Edit. $h$ is continuous at points of $E\setminus C$ (verify:). But $h$ (and any function) would be continuous at those points of $C$ that are isolated in $E$, that is at any $c\in C$ which has a neighborhood which misses all other points in $E$. It is ok if $c$ is isolated in $C$,but not in $E$, in that case $h$ would be discontinuous at $c$. Indeed $c=x_m$ for some $m$ (according to the above definition of $f$). So, $2^{-m}$ is not one of the members of the sum that defines $f(c)=f(x_m)=\sum_{n\in N_{x_m}}2^{-n}$ (this is since $m\not\in N_{x_m}$, since in the definition of $N_x$ we have strict inequality, but it is not true that $x_m<x_m$). On the other hand, if $x>x_m$, then $2^{-m}$ is one of the members of the sum that defines $f(x)=\sum_{n\in N_{x}}2^{-n}$, this is because $m\in N_x$, since $x_m<x$. It follows that if $x>x_m$ then $f(x)\ge f(x_m)+2^{-m}$, so $\lim_{x\to x_m^+} f(x)\ge f(x_m)+2^{-m}$, here we are assuming the there are points in $E$ to the right of $x_m$, arbitrarily close to $x_m$ (that is, we are assuming that $x_m$ is not isolated from the right in $E$).

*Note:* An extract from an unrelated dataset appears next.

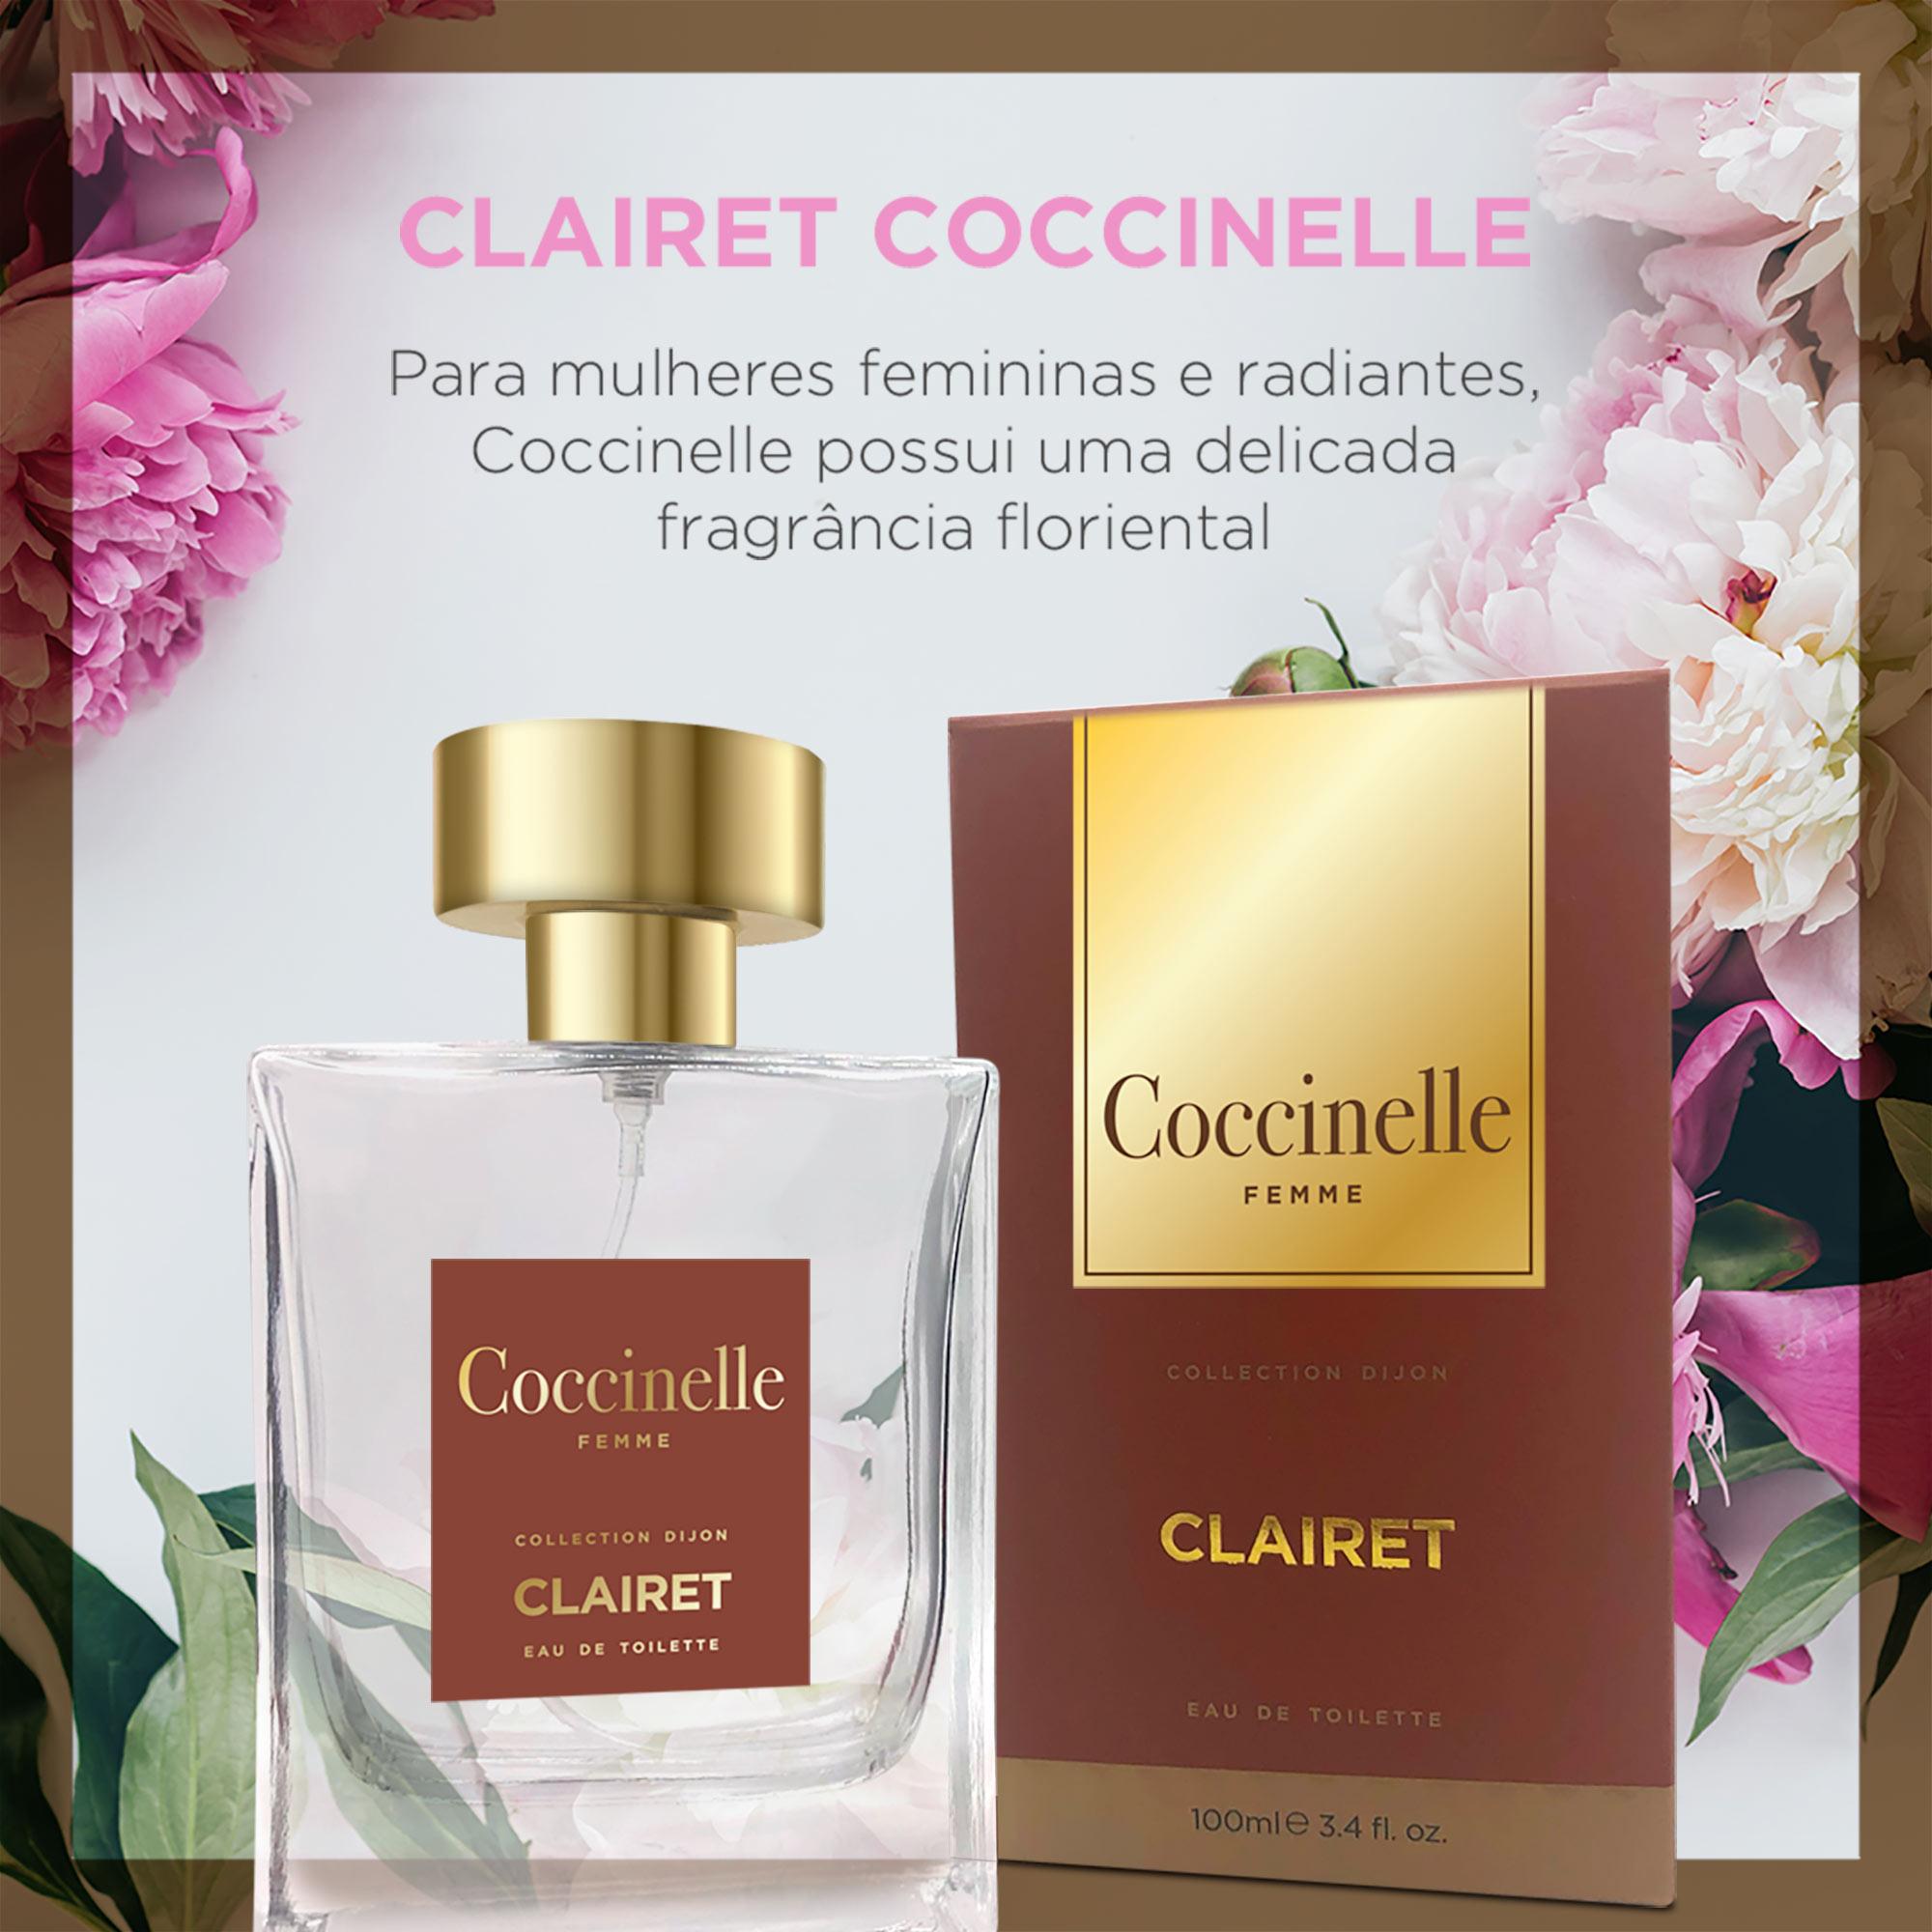 Clairet Coccinelle - Collection Dijon

So $f$ has a jump at $x_m$ (to the right of $x_m$) so $f$ is discontinuous (from the right) at $x_m$. Similarly, if $x_m$ is not isolated from the left in $E$ then one may show that $\lim_{x\to x_m^-}f(x)\le f(x_m)-2^{-m}$, so $g$ has a jump at $x_m$ (at the left of $x_m$). So, if $x_m$ is not isolated in $E$ then it is either not isolated from the left, or not isolated from the right, or both, so either $g$ of $f$ or both are discontinuous at $x_m$, so $h$ is discontinuous at $x_m$. You should be able to verify all these details yourself, once you know what you are trying to prove.